2018-04-11 算法 Objective-C作业
2018-04-11 本文已影响18人
杨柳小易
算法 Objective-C作业
如题:
Given a string, find the length of the longest substring without repeating characters.
Examples:
Given "abcabcbb", the answer is "abc", which the length is 3.
Given "bbbbb", the answer is "b", with the length of 1.

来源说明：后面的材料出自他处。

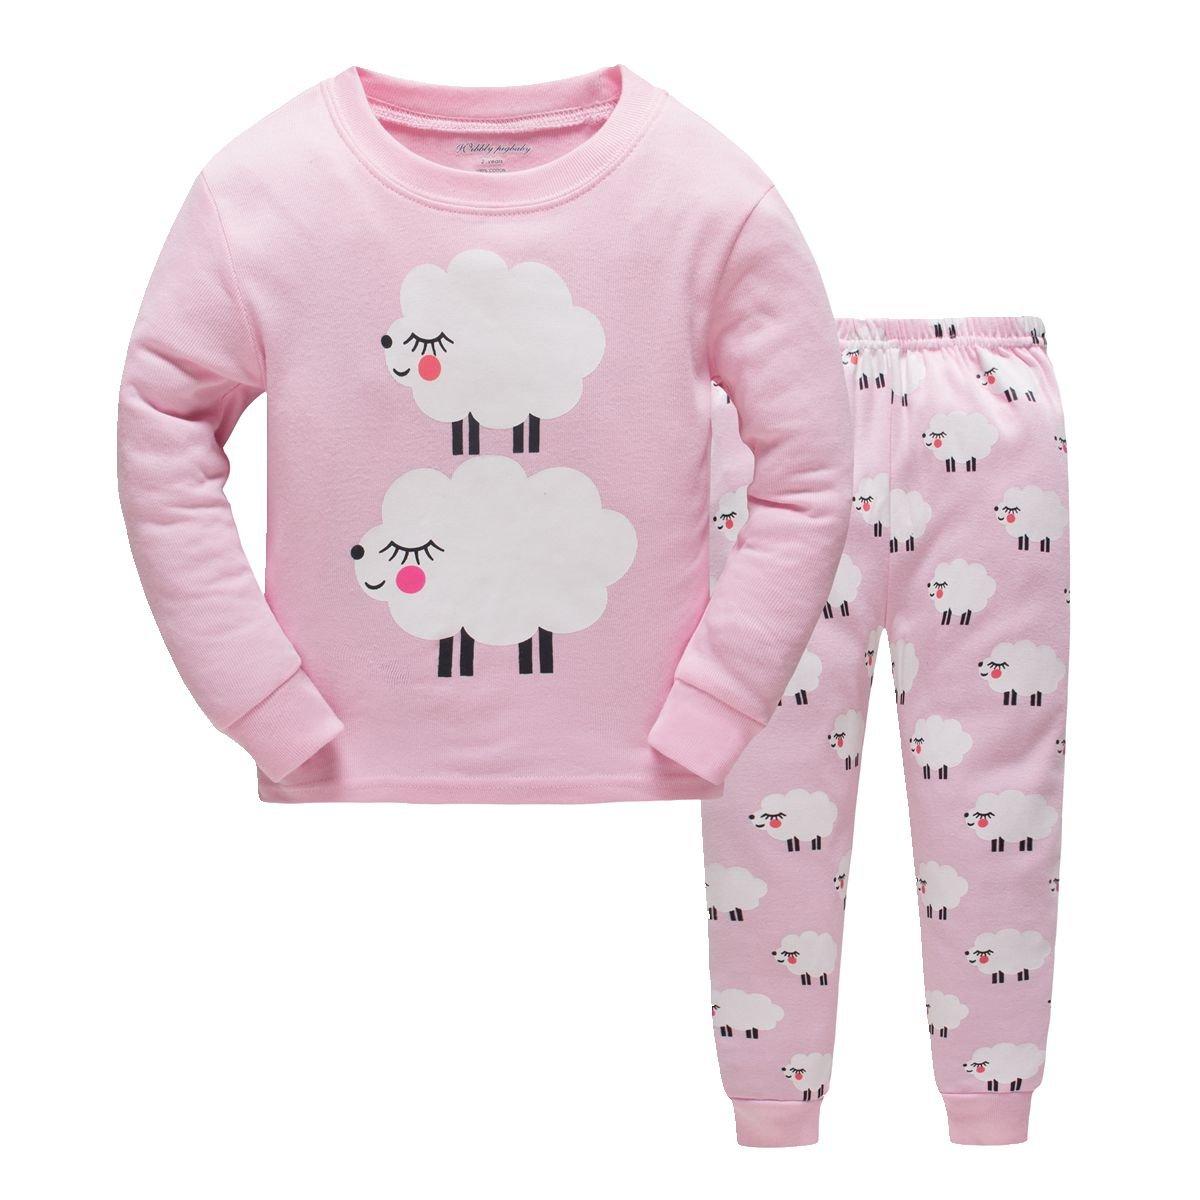 Girls Pajamas Cosy Cotton Long Sleeves Toddler Cute Sheep Pjs Sleepwear 2 Piece Yzjcafriz
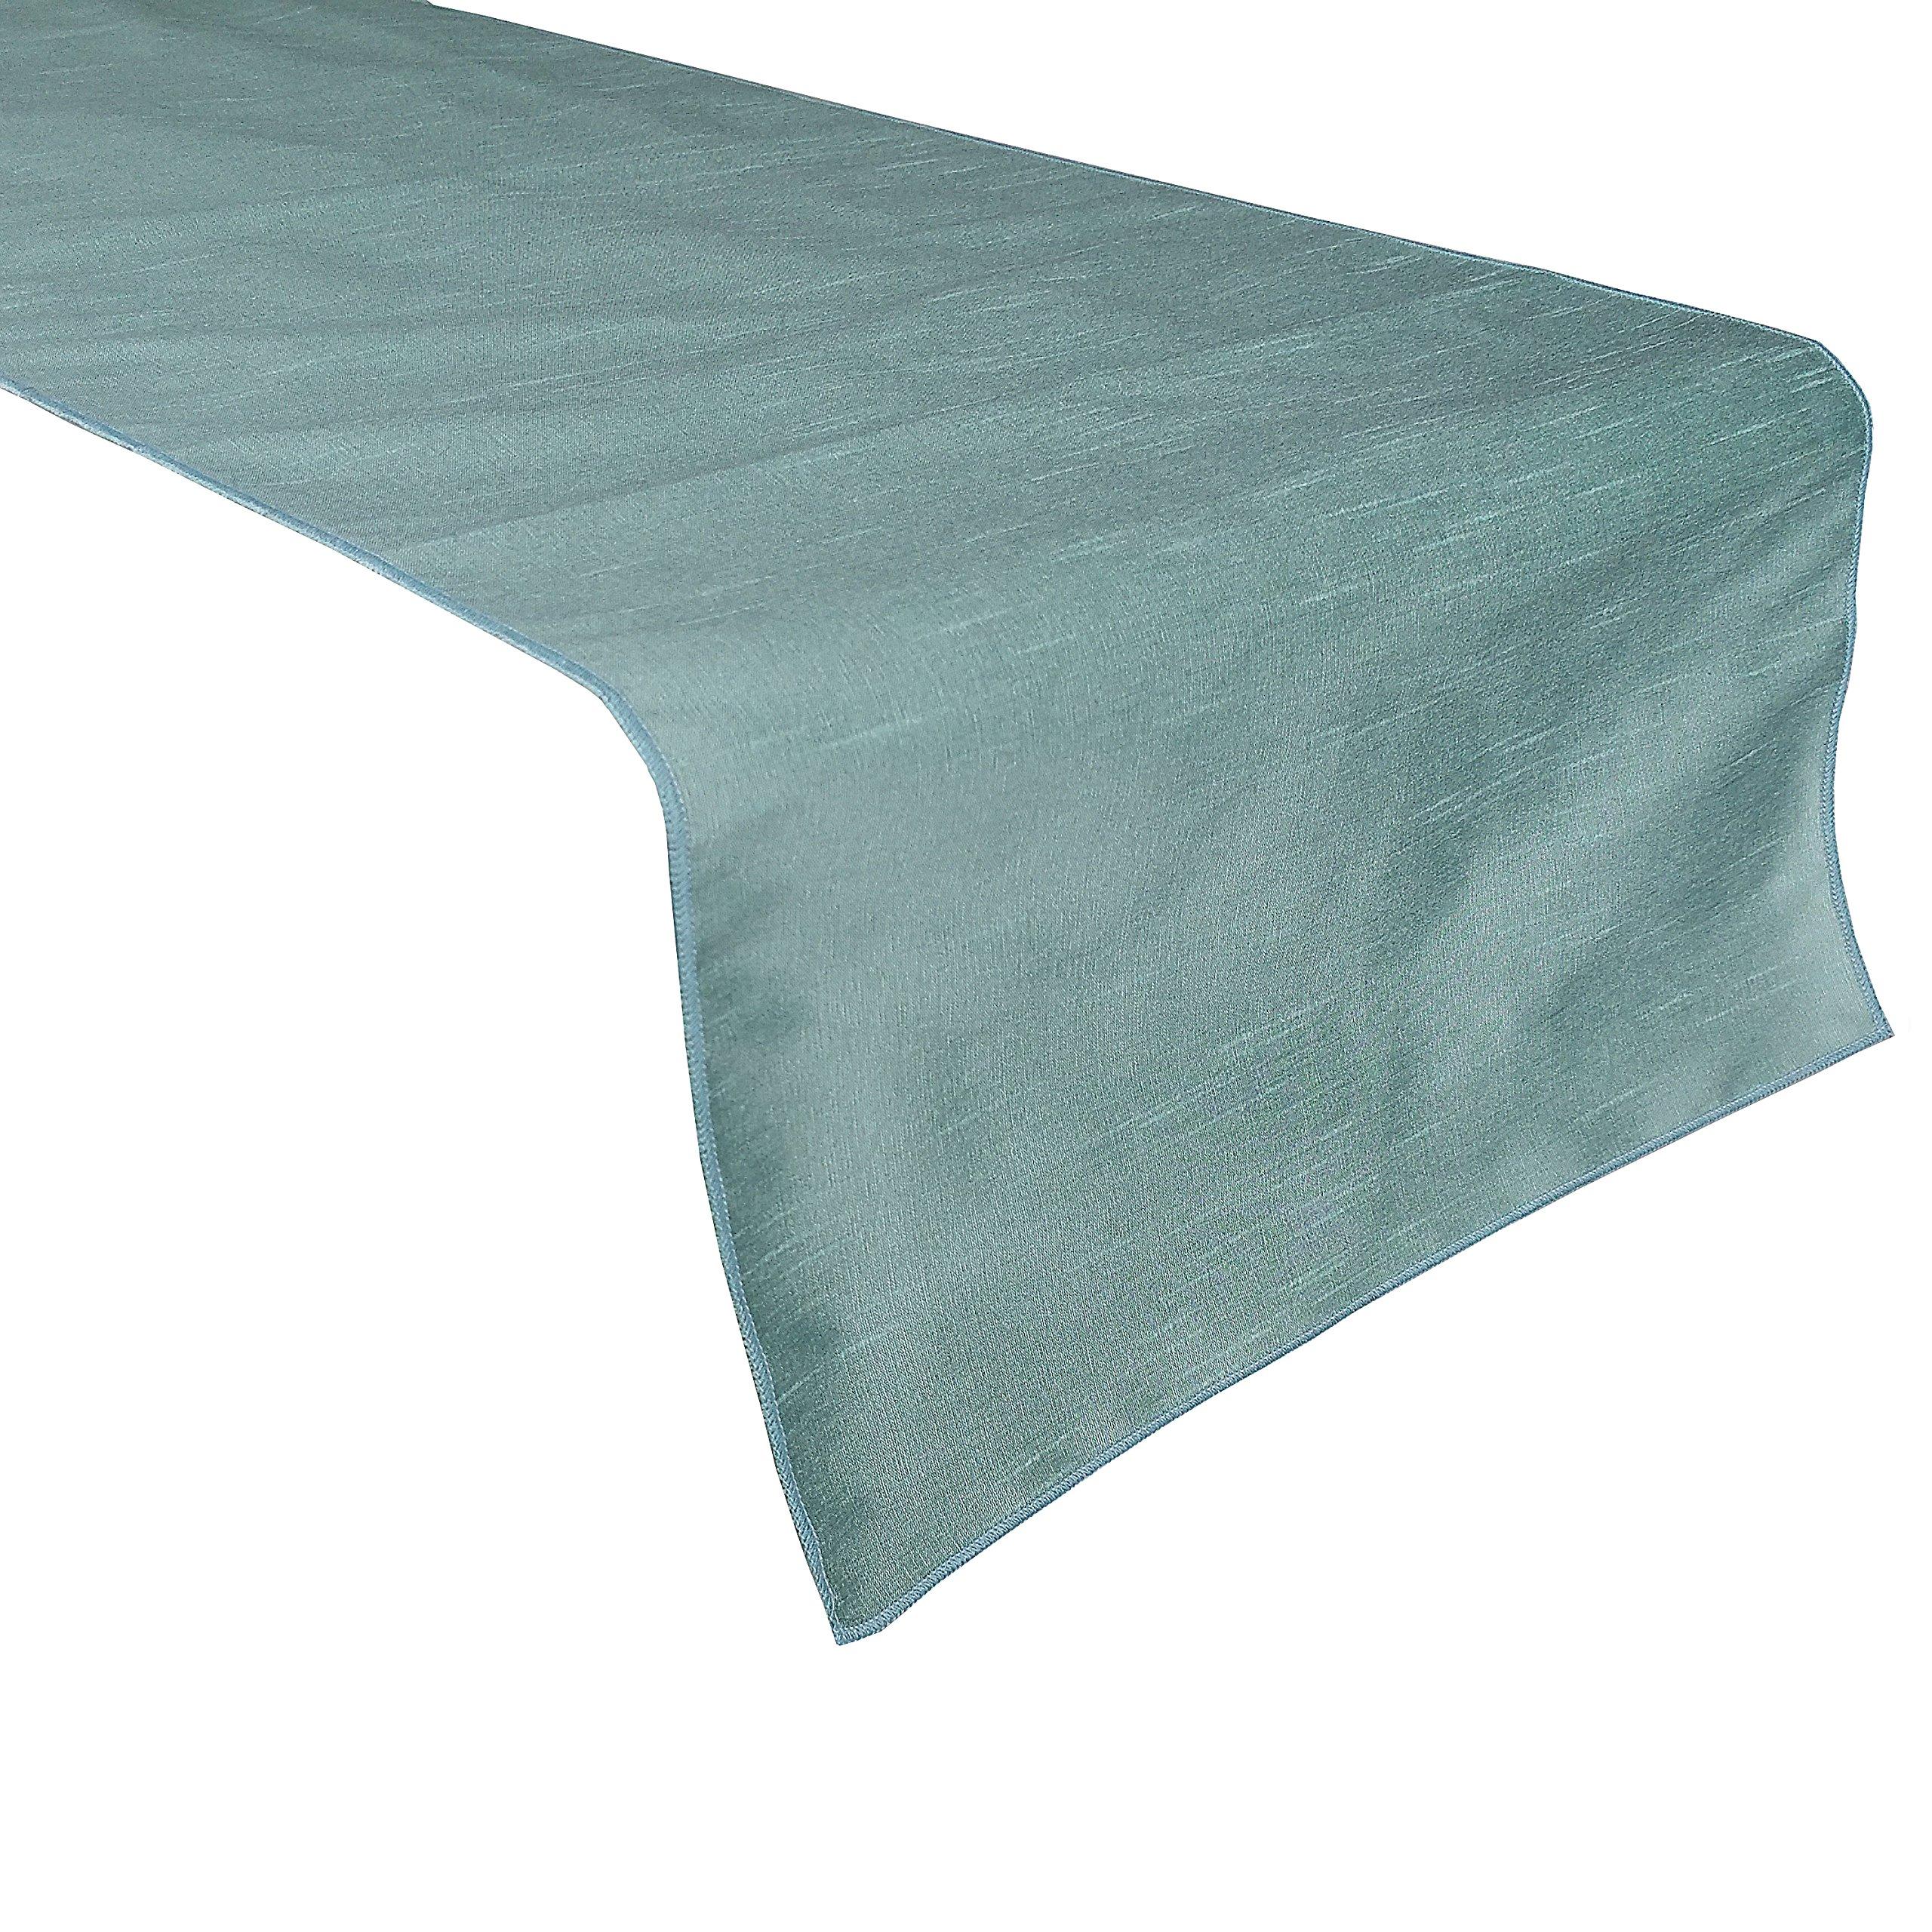 Zen Creative Designs® Elegant Solid Dupioni Table Top Runner (13'' x 72'', Spa)

Given "pwwkew", the answer is "wke", with the length of 3. Note that the answer must be a substring, "pwke" is a subsequence and not a substring.
给一个字符串,找出最长没有重复字符的子串。
解法一:
没有使用oc的字符串函数本版本
NSUInteger lengthOfLongestSubstring(NSString *str) {
NSUInteger max = 0;
int start = 0;
int end = 0;
for (int i = 1; i < str.length; ++i) {
char ci = [str characterAtIndex:i];
for (int j = i - 1; j>0; --j) {
char cj = [str characterAtIndex:j];
if (ci == cj) {
break;
} else {
if (i - j + 1 > max) {
max = i - j + 1;
start = j;
end = i;
}
}
}
}
NSLog(@"start : %@ end: %@",@(start),@(end));
return max;
}
解法二:使用OC的字符串函数
NSUInteger lengthOfLongestSubstring1(NSString *str) {
NSUInteger max = 0;
NSString *result = @"";
int start = 0;
NSMutableString *recordStr = [[NSMutableString alloc] init];
for (int i = 0; i < str.length; ++i)
{
if (![recordStr containsString:[str substringWithRange:NSMakeRange(i, 1)]])
{
[recordStr appendString:[str substringWithRange:NSMakeRange(i, 1)]];
}
else
{
if (i == str.length-1)
{
break;
}
NSRange range = [recordStr localizedStandardRangeOfString:[str substringWithRange:NSMakeRange(i, 1)]];
i = (int)range.location + start;
recordStr = [[NSMutableString alloc] init];
start = i+1;
}
if (recordStr.length > result.length) {
result = recordStr;
}
}
NSLog(@"longestStris : %@",result);
max = result.length;
return max;
}
测试用例
NSString *s1 = @"111111";
NSString *s2 = @"12342";
NSString *s3 = @"abcabcda";
NSString *s4 = @"ababc78tgtasdcfty";
lengthOfLongestSubstring1(s1);
lengthOfLongestSubstring1(s2);
lengthOfLongestSubstring(s3);
lengthOfLongestSubstring1(s4);